Around him, other media companies were collapsing or being bought up by larger companies. Bill decided he would not sell. Having competitors merging meant he had better chances to grow. He pressed on, the recession passed and here he was, perfectly positioned to ride the wave. And so he did. In 2009, the leases on his offices came up in midtown Manhattan and he had to make a decision. He could renew the leases, or he could take a huge gamble, rent this enormous 200,000 square foot space in Tribeca, and build out and continue to capitalize on what he built. He chose to build out. And here we sat today.
In 2012, Bill was recognized by Adweek in their profile of “The Givers,” a list of the top 10 philanthropists from the worlds of media, marketing and entertainment. Bill was named Ad Age Executive of the Year in 2011 and is the only person to receive the prestigious Advertising Age Media Maven Award twice, in 2001 and 2010. In 2006, Bill was honored as Media Executive of the Year by Mediaweek Magazine and was featured as one of the industry’s top 50 most influential executives in the business in the annual Mediaweek 50 report in 2008, 2009 and 2010. Bill was also awarded the IRTS Foundation “Hall of Mentorship Award” for his knowledge to help others learn and grow. In 2011, Bill was awarded City Harvest’s “the Star of the City Award” for his longstanding commitment to and support of the organization.
Recently he got a call from Ave Butenski. This was the man who had been his boss at ELA in the late Seventies when he had been offered a company car and then had the offer withdrawn. He hadn’t heard from him in 30 years.
“I hear you’re doing really well,” Butenski said. “I have a friend with me from the movie business I’d like to introduce to you. He might be interested in your services.”
Butenski came up.
“Boy. I knew you were successful. I didn’t know you were THIS successful.”
“I owe it all to you,” Bill said.
“I know you saw me as a mentor,” Ave said. “But I didn’t teach you all this,”
“It’s not that,” Bill continued, “it’s that if you’d never reneged on the car, well, all this never would have happened. I never would have left the company so thank you. I really mean it.”
Bill Koenigsberg lives in Manhattan with his wife, young daughter and two older sons from a prior marriage. At the present time, the family is remodeling an apartment in Tribeca and expects to move in there in the fall.
And then there is Sagaponack.
“I’ve always loved the beach,” he said. “I was raised on fresh air. I’ve known the East End for years, since at least 1980 when I used to come out to Montauk.
“My wife says Sagaponack reminds her of the Netherlands. She loves it here. We built a house just off of Daniel’s Lane, and when we come out here, I just love it, the smell, the relaxed atmosphere, the horses—both my wife and daughter ride. I watch. We like biking, jogging, and taking long walks. It gives me the time and space to think.

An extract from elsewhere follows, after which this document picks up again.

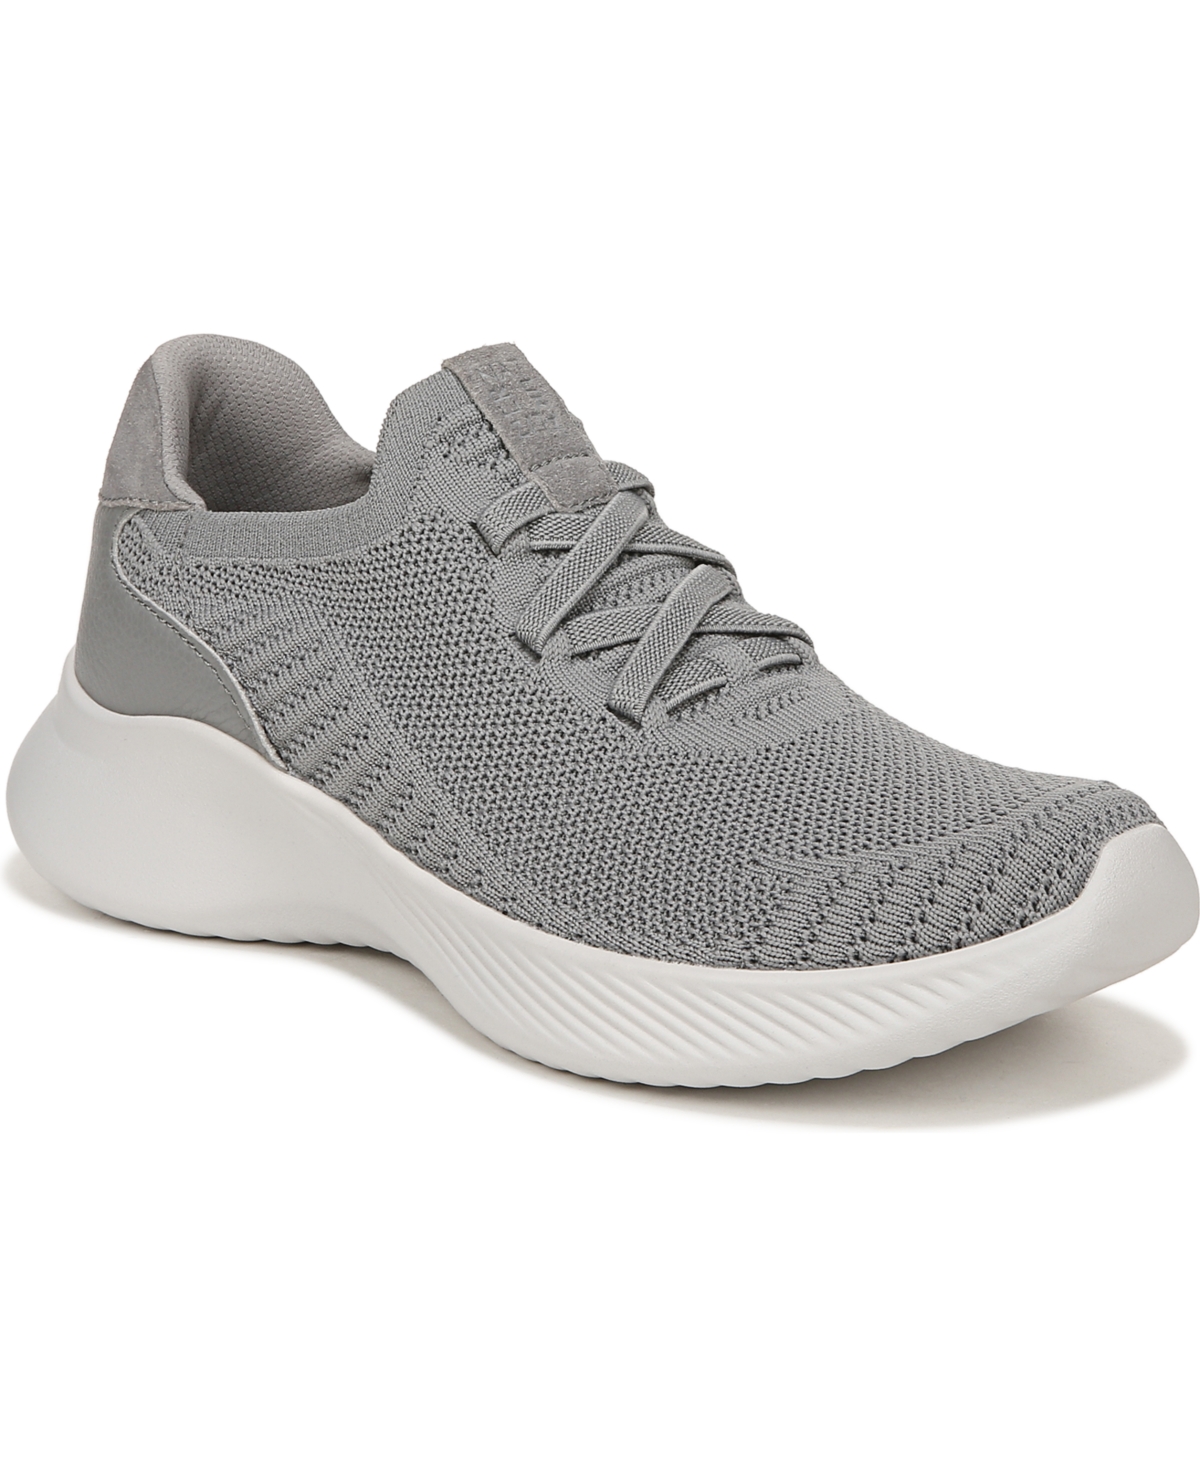 Shop Naturalizer Emerge Slip-on Sneakers In Titanium Grey Flyknit Fabric

“I’m very involved in charities, the environment and its preservation. I am a big supporter of the American Cancer Society, which hosts their annual Festive in Flip Flops summer event in the Hamptons.”
Bill Koenigsberg supports many charities and sits on a number of boards, both charitable and otherwise. They include City Harvest, the International Radio and TV Society, Partnership at Drugfree.org, God’s Love We Deliver, Rett Syndrome Research Trust, and out east the Group for the East End just to name a few.
I looked around his wonderful glass offices that overlook the water all around.
“Sometime when I want to write a story,” I asked, “would it be all right if I might come down here and sit in one of your little work spaces?”